Apa jadinya jika pertandingan sepakbola pria dipimpin wasit wanita? Bagaimana mungkin wanita akan berani menghadapi pesepakbola-pesepakbola pria yang terkenal garang dan keras?
Jawaban atas dua pertanyaan tersebut bisa langsung ditanyakan kepada Stephanie Frappart. Wasit asal Prancis tersebut adalah wanita pertama dalam sejarah yang memimpin pertandingan Ligue 1. Dia juga tercatat sebagai wanita pertama yang memimpin ajang besar Eropa.

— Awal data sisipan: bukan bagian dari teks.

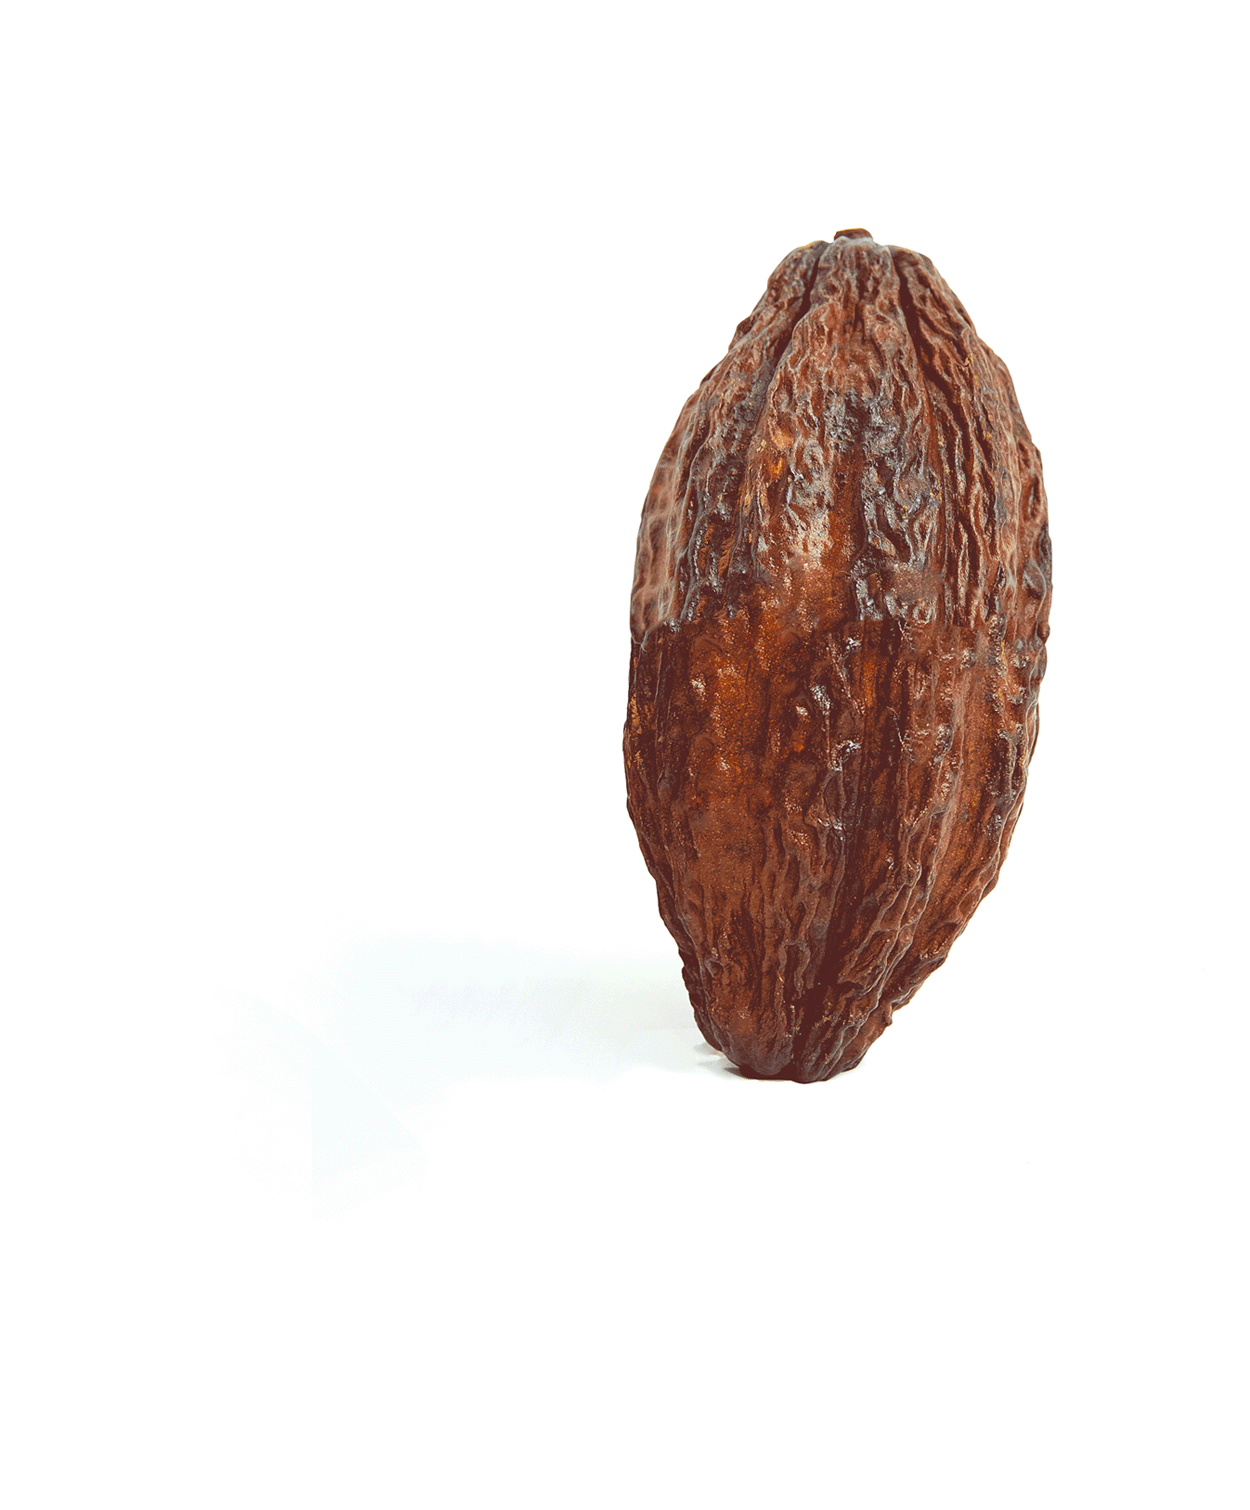 Animation of a whole Cacao Fruit dissected displaying mesocarp, endocarp, pulp and beans on a white background.
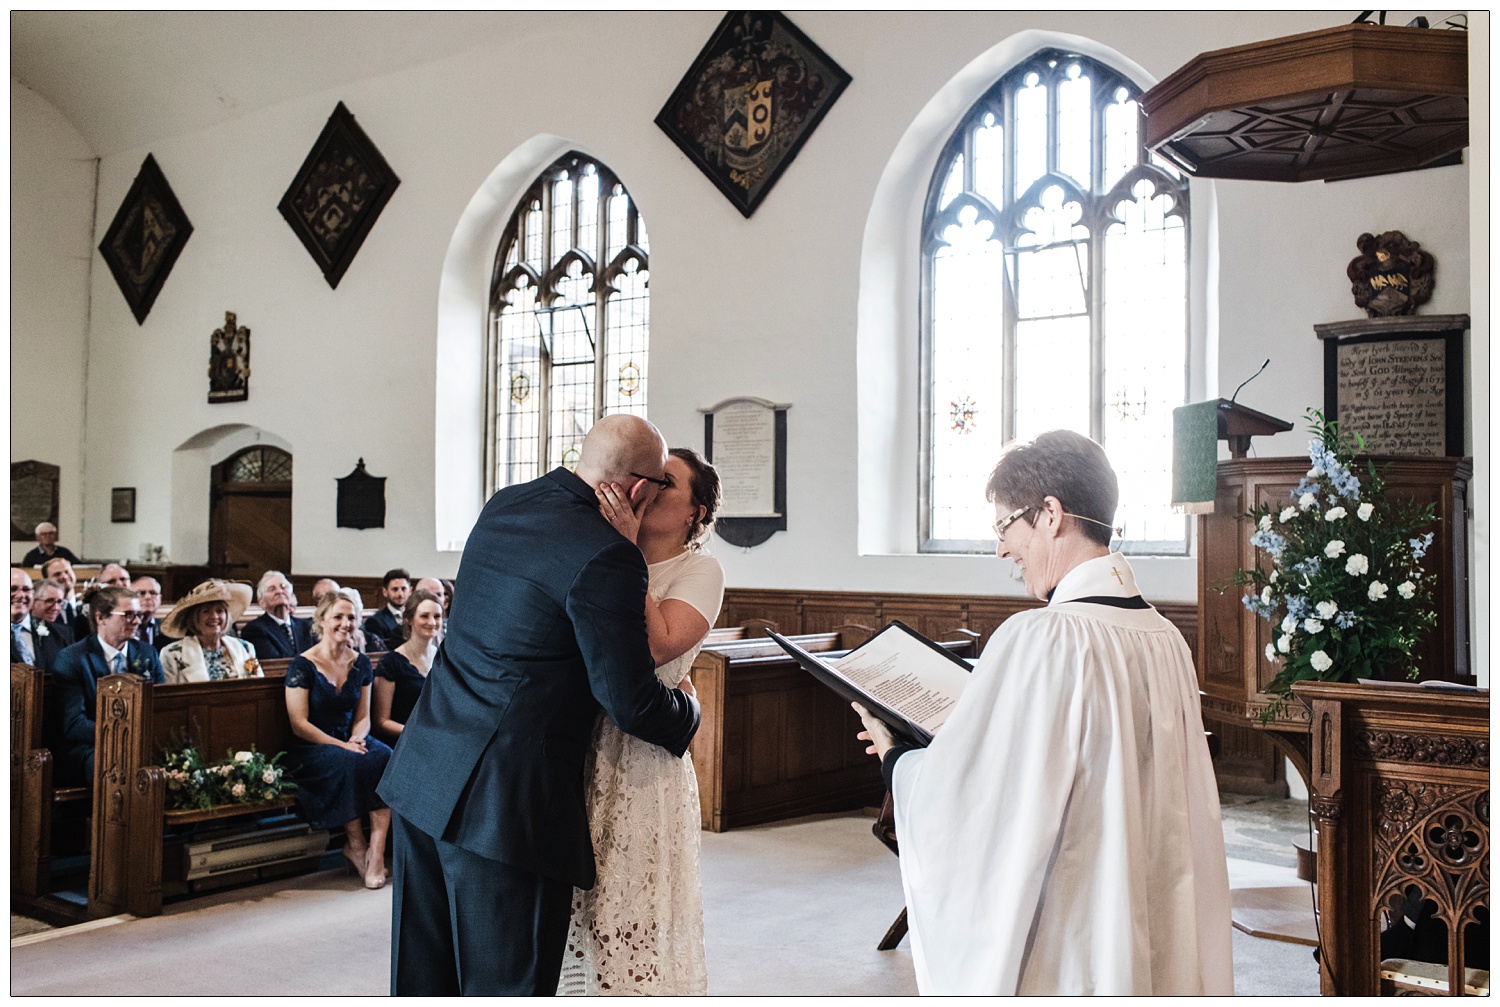 The newly married couple kiss during wedding ceremony at All Saints with St Peter Church of England Maldon

Pada 28 April 2019, Ligue mencatat sejarah mempekerjakan wanita untuk memimpin pertandingan Amiens versus Strasbourg. Berakhir imbang tanpa gol, Frappart dengan tenang mengeluarkan 4 kartu kuning dengan 3 diantaranya untuk Strasbourg. Tidak ada protes selama 90 menit!
"Saya tidak khawatir sebelum pertandingan tentang fakta bahwa Frappart akan menjadi wasit kami dan pendapat saya tidak berubah. Sangat bagus. Dia bisa mencapai level tinggi. Dia melakukannya dengan sangat baik," kata Arsitek Strasbourg, Thierry Laurey, saat itu, dilansir ESPN.
Frappart memang bukan wanita pertama yang memimpin kompetisi pria karena pada 2017, Bibiana Steinhaus, sudah lebih dulu melakukannya ketika Hertha Berlin berbagi gol 1-1 dengan Werder Bremen di Bundesliga. Tapi, Frappart layak bangga karena menjadi satu-satunya wasit wanita di kompetisi berbendera UEFA.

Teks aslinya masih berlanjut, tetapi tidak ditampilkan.